** Work instructions **
The reply should repeat all of the data word for word, with no pictures.

** Data provided **
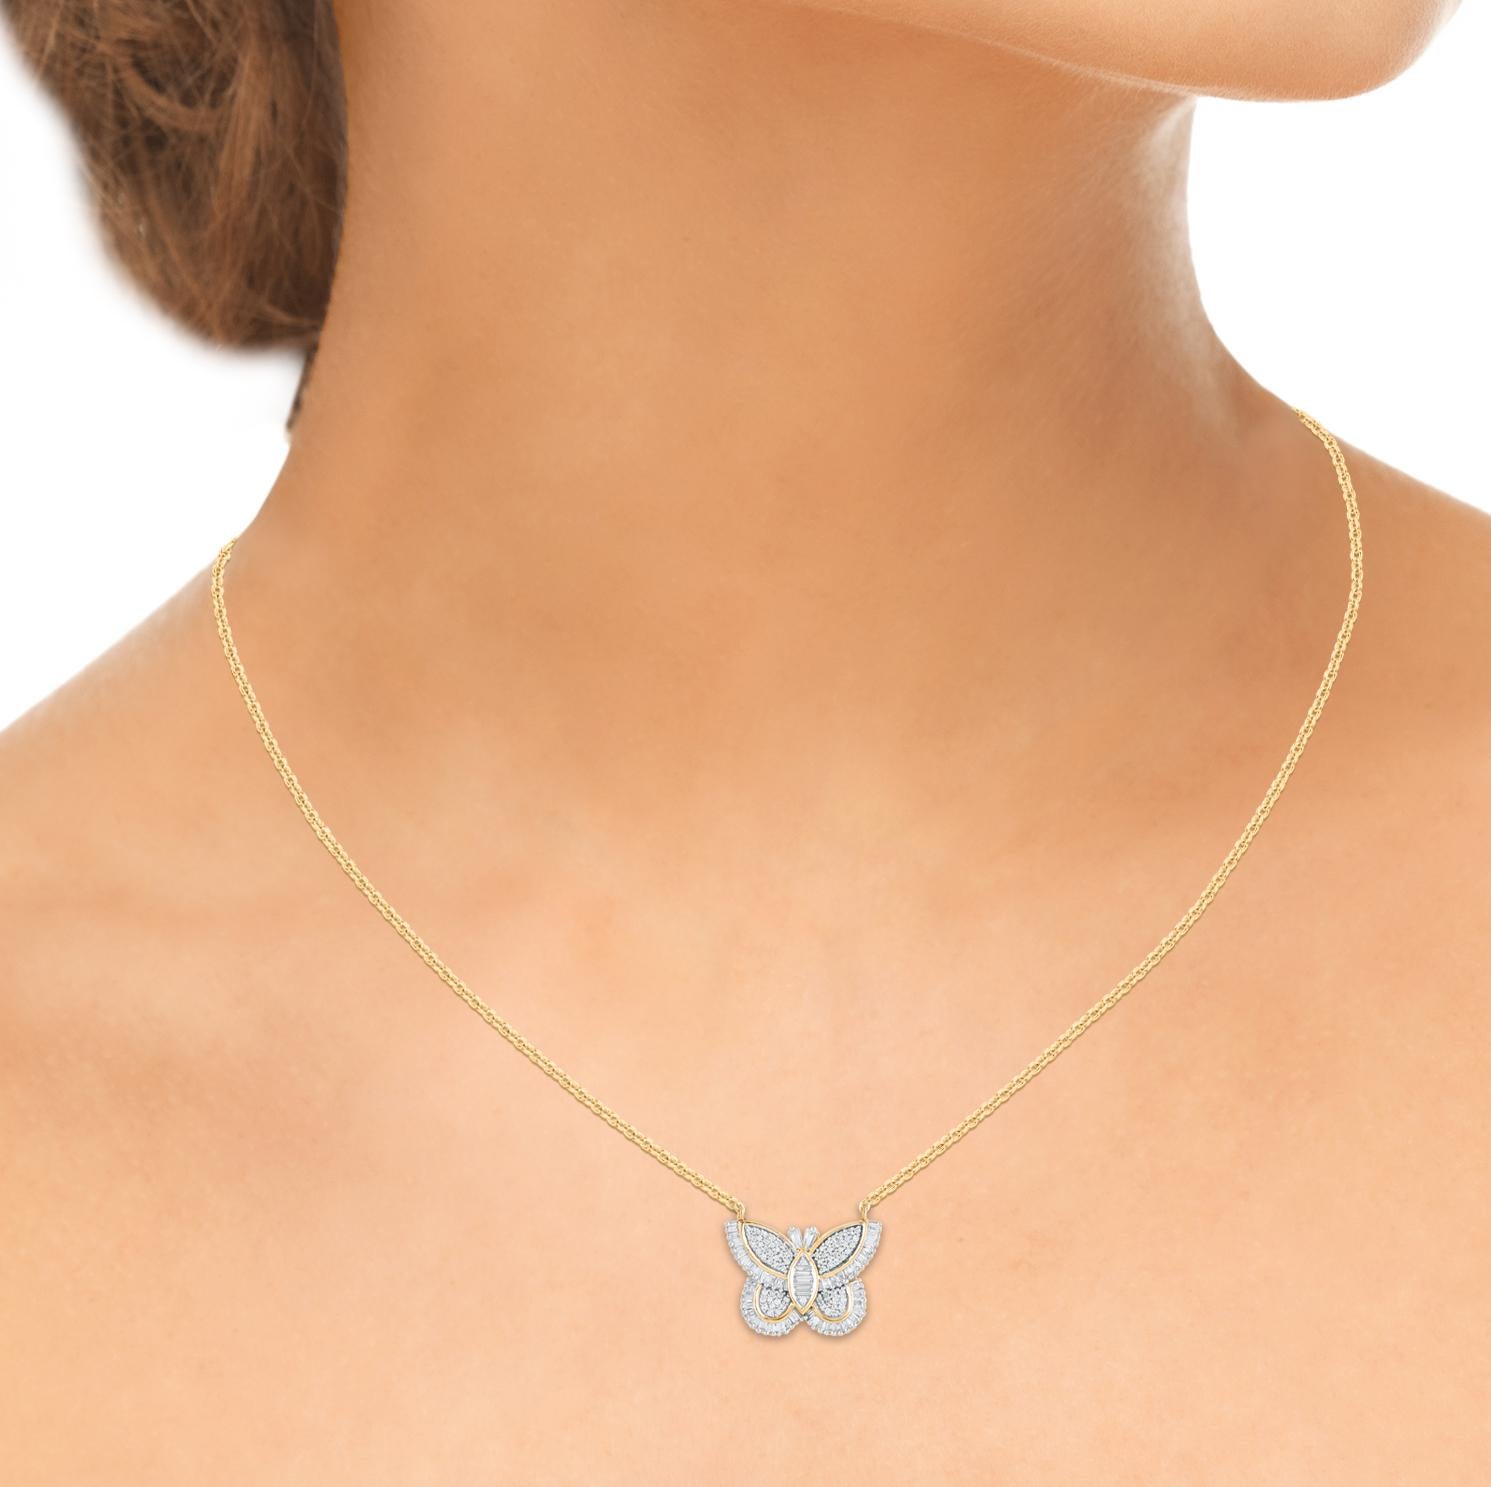 Baguette Cut TJD 0.60 Carat Baguette Diamond Butterfly Pendant Necklace in 14KT Yellow Gold For Sale
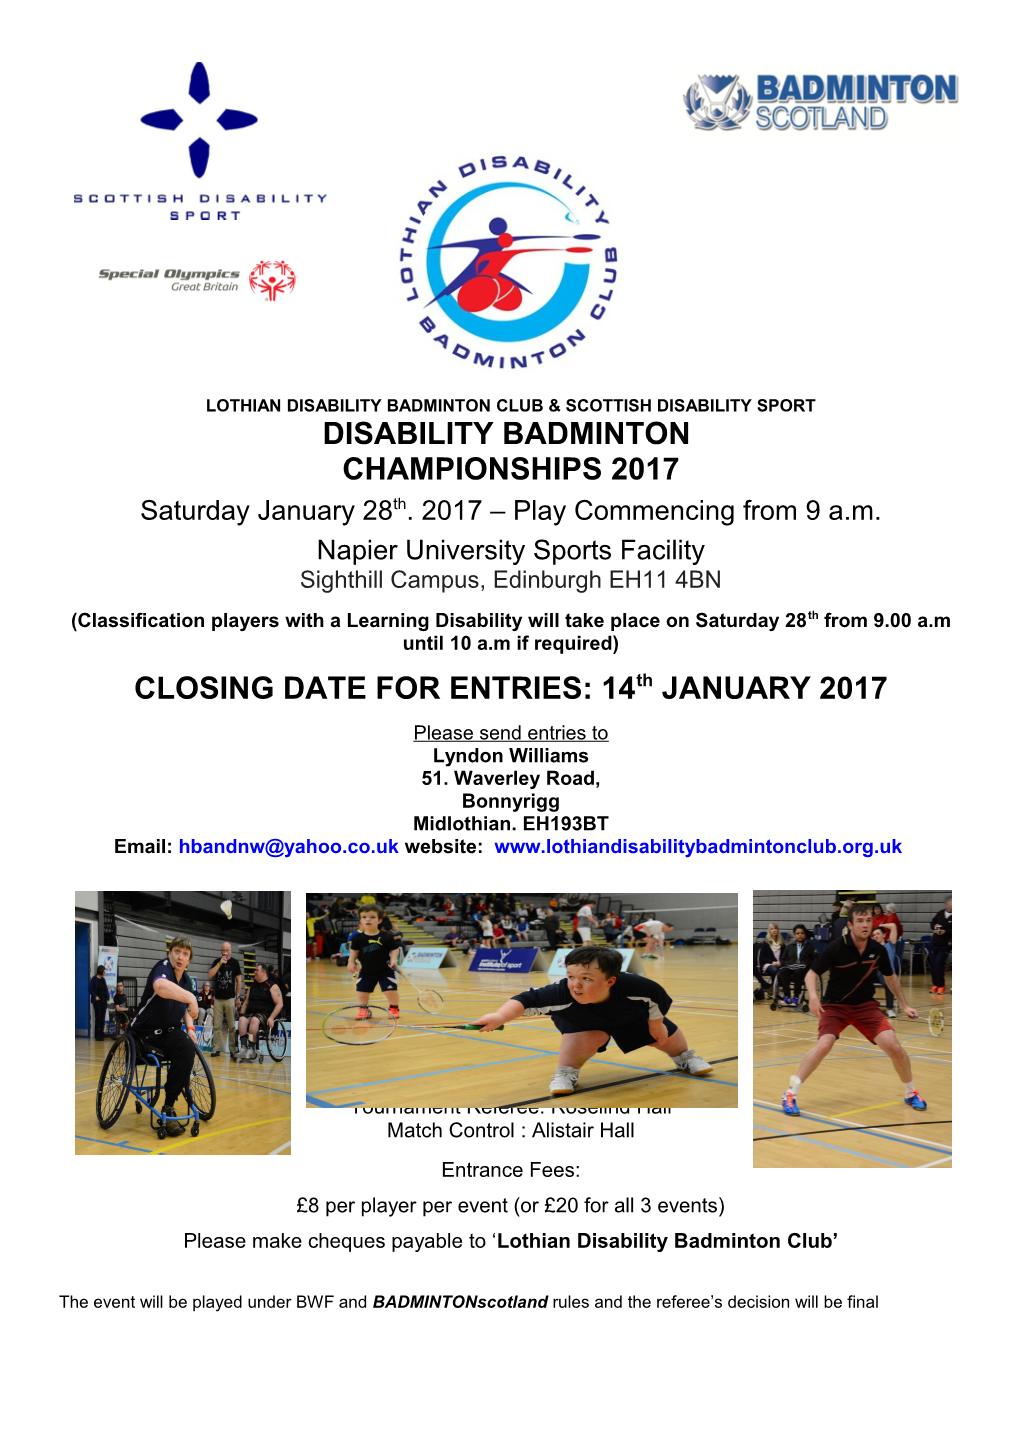 Lothian Disability Badminton Club & Scottish Disability Sport
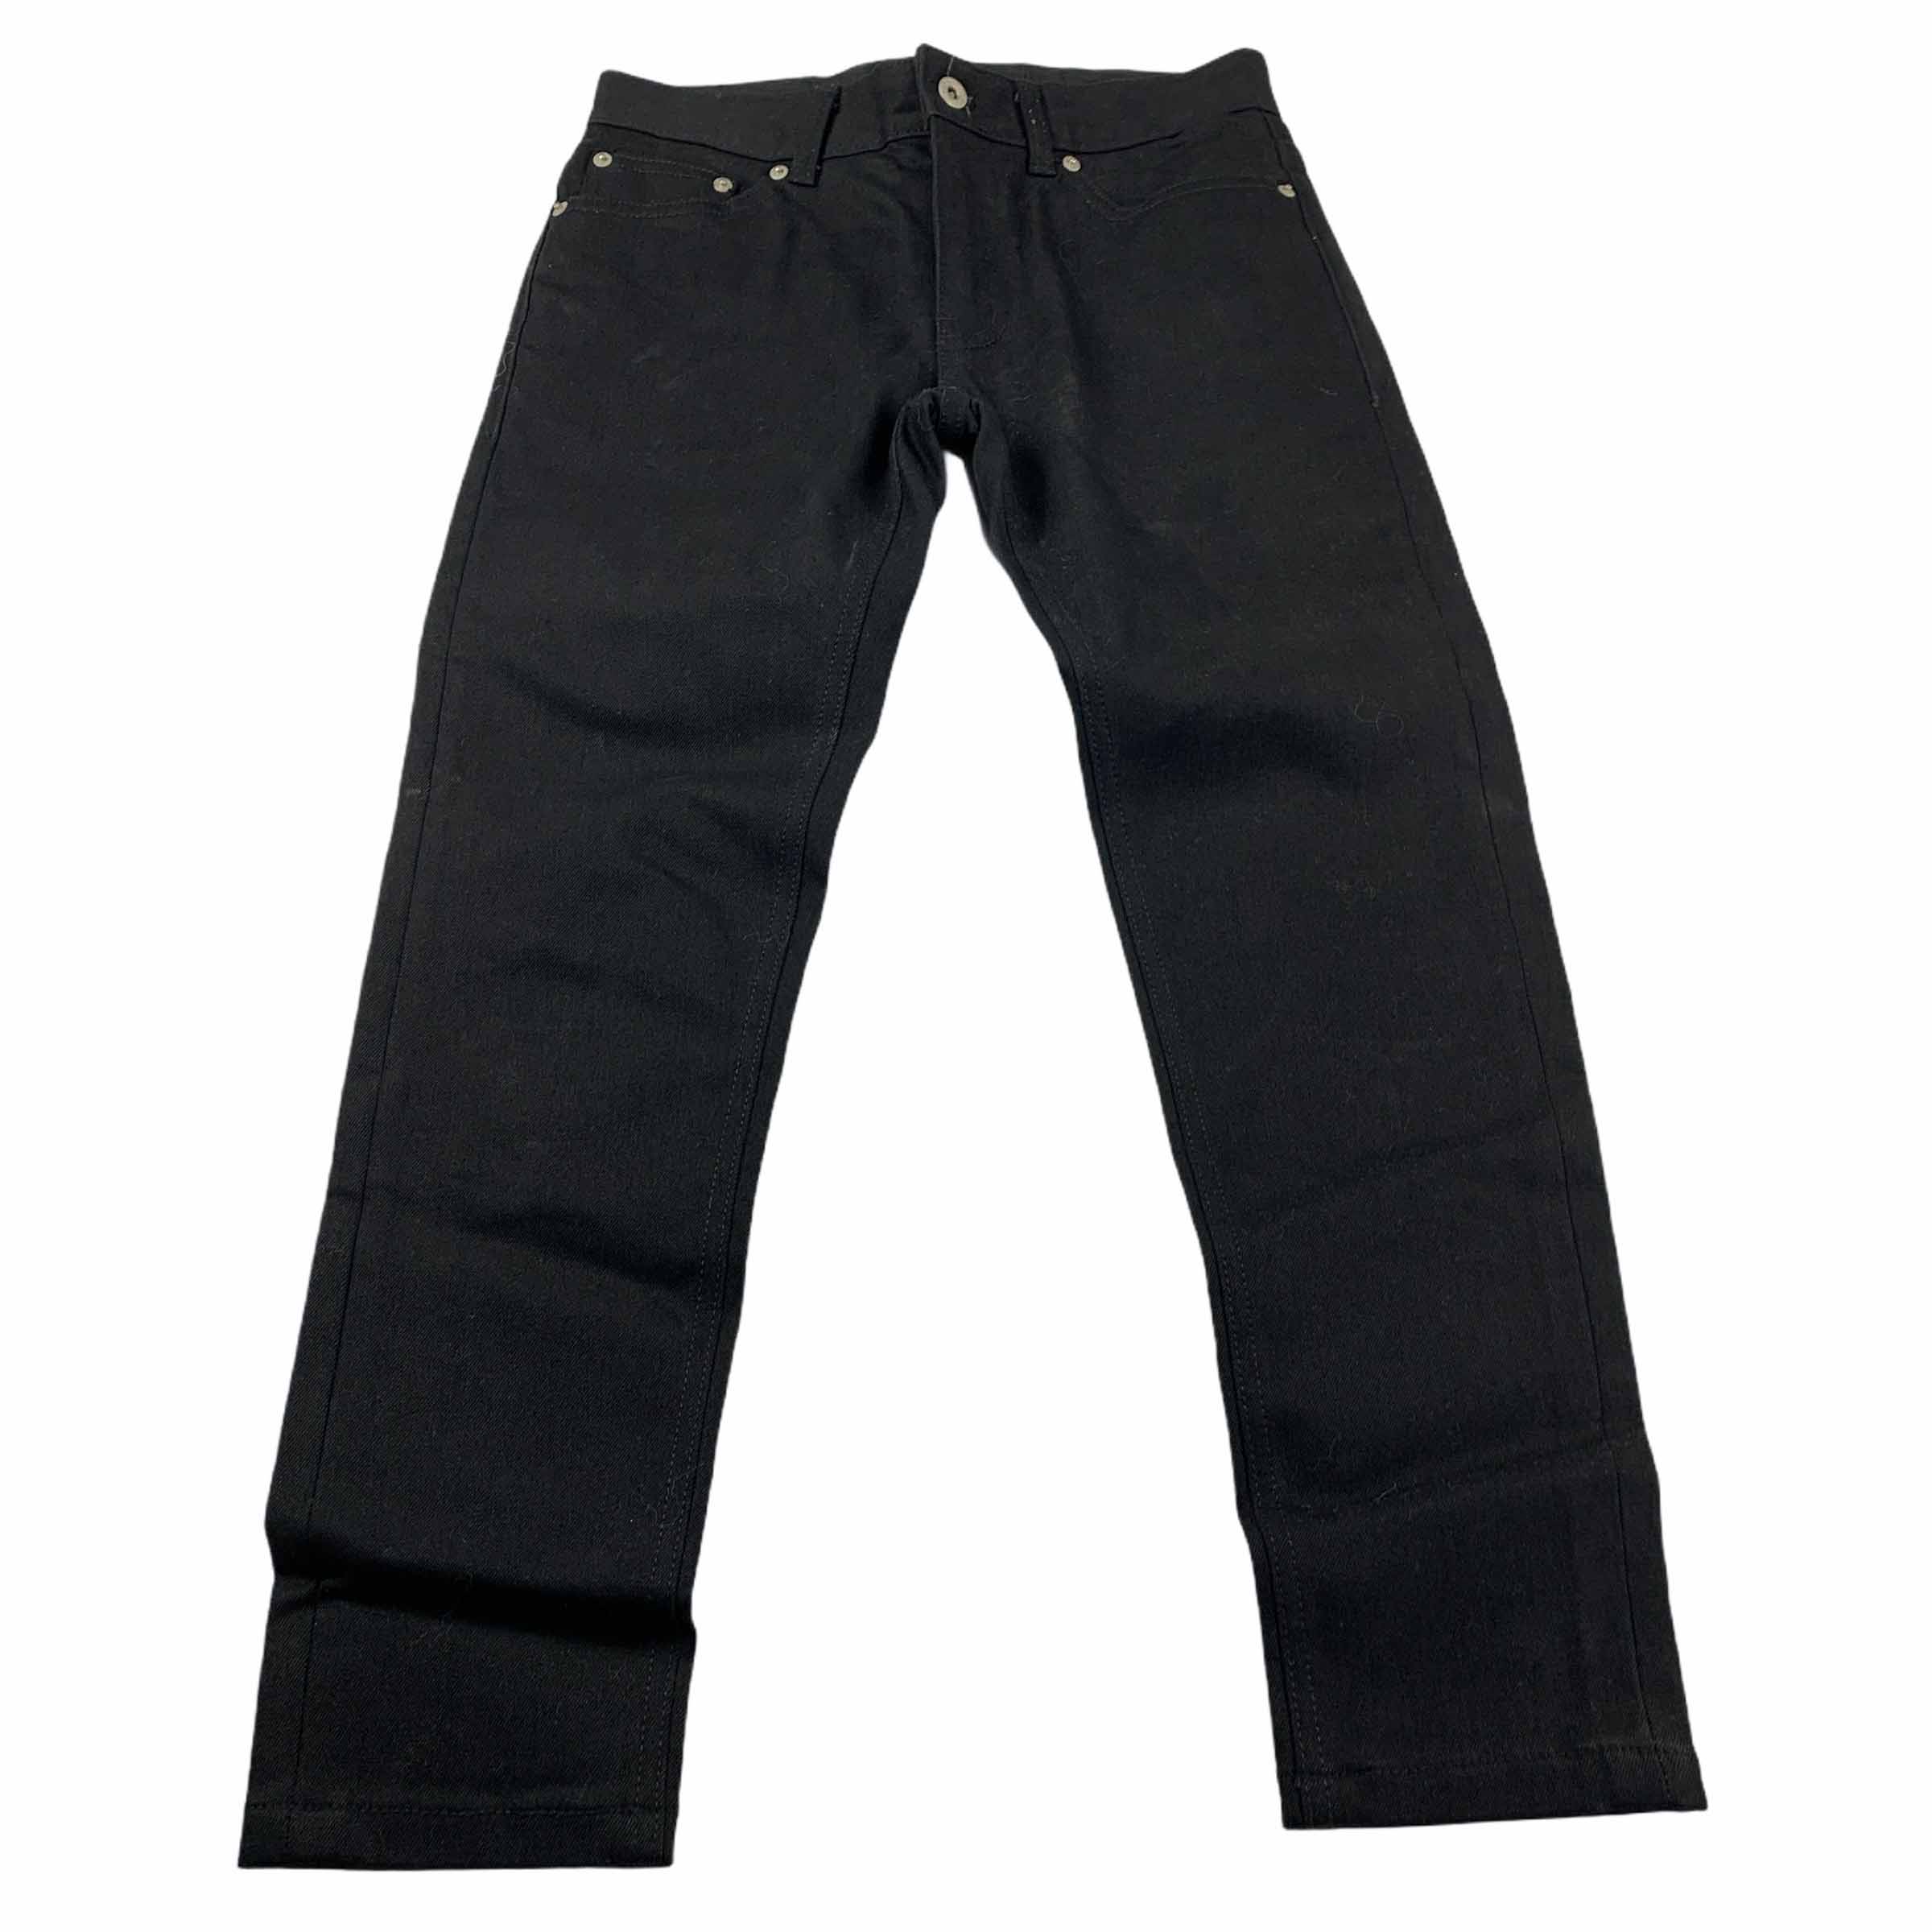 [Modified] Skinny Pants BK - Size 29/30
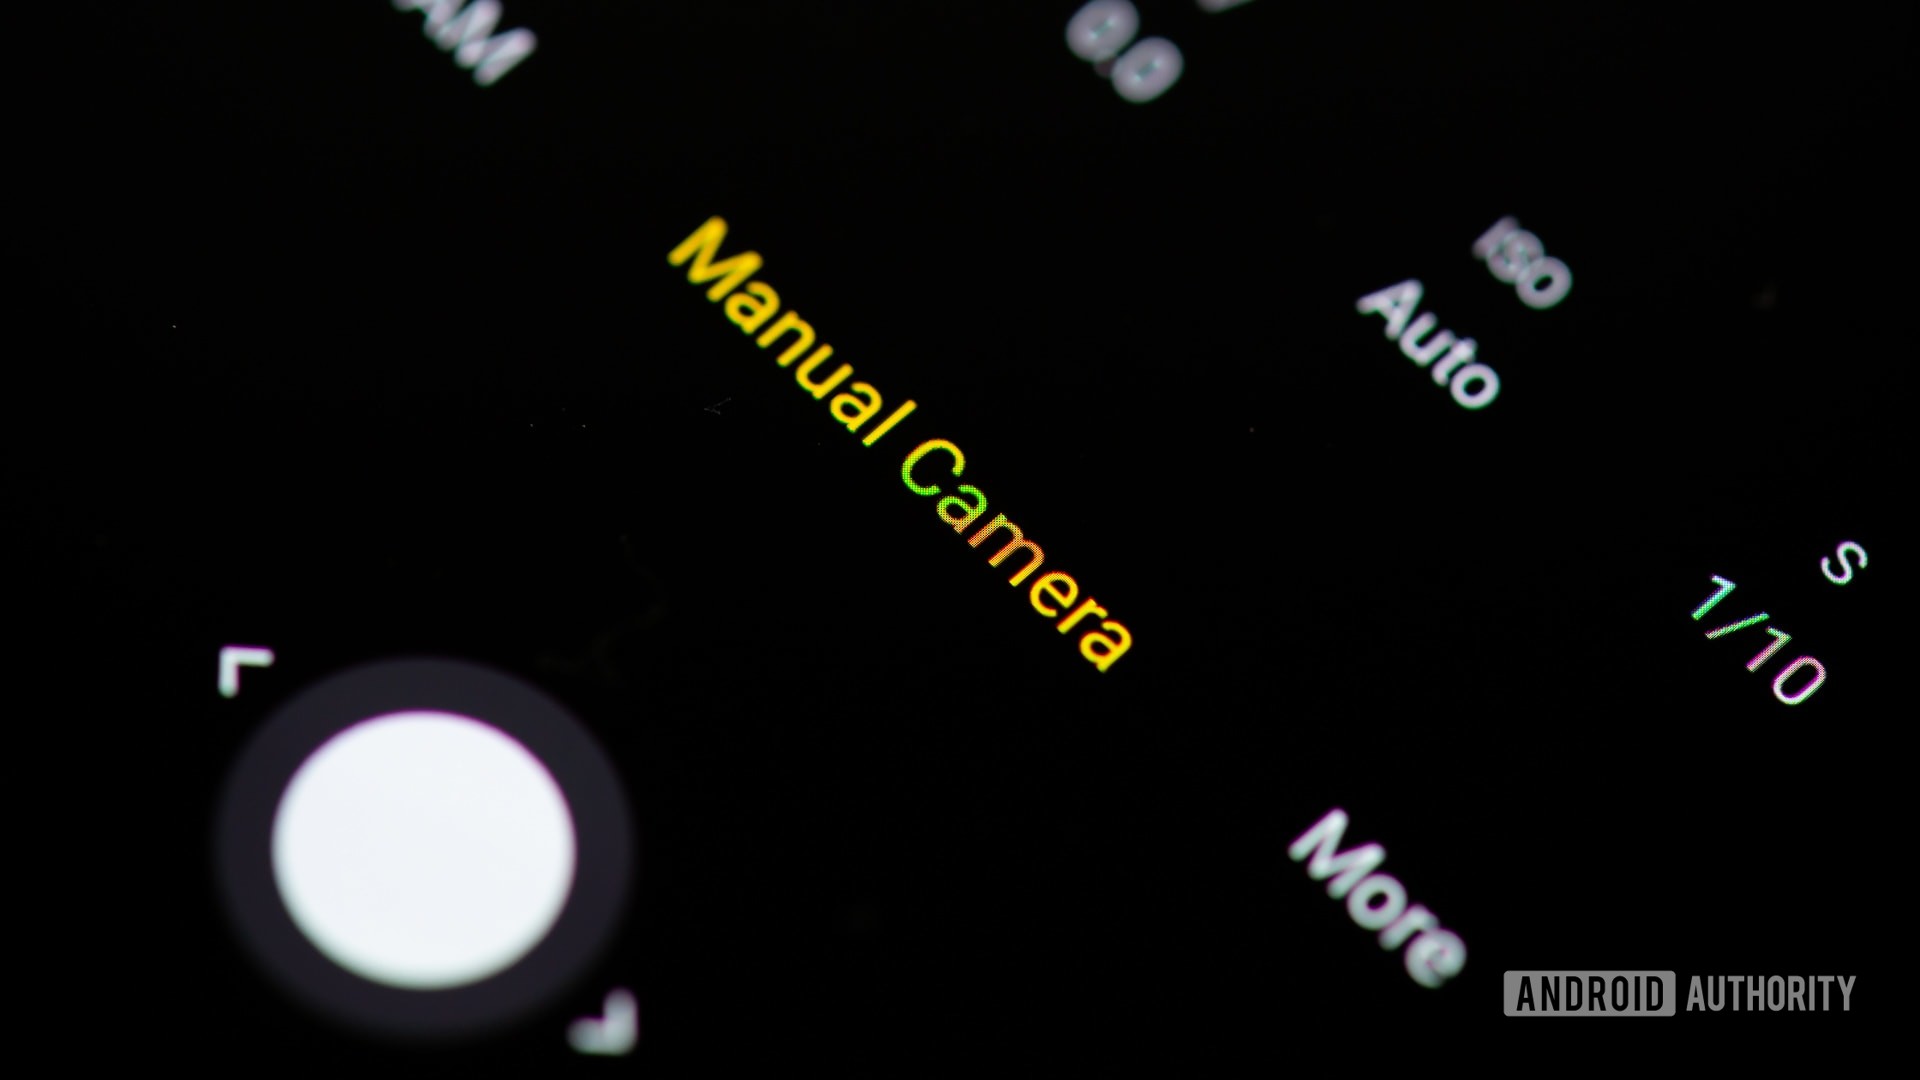 Manual mode camera app.

** Result **
 Baguette Cut TJD 0.60 Carat Baguette Diamond Butterfly Pendant Necklace in 14KT Yellow Gold For Sale
 Lothian Disability Badminton Club & Scottish Disability Sport
 [Modified] Skinny Pants BK - Size 29/30
 Manual mode camera app.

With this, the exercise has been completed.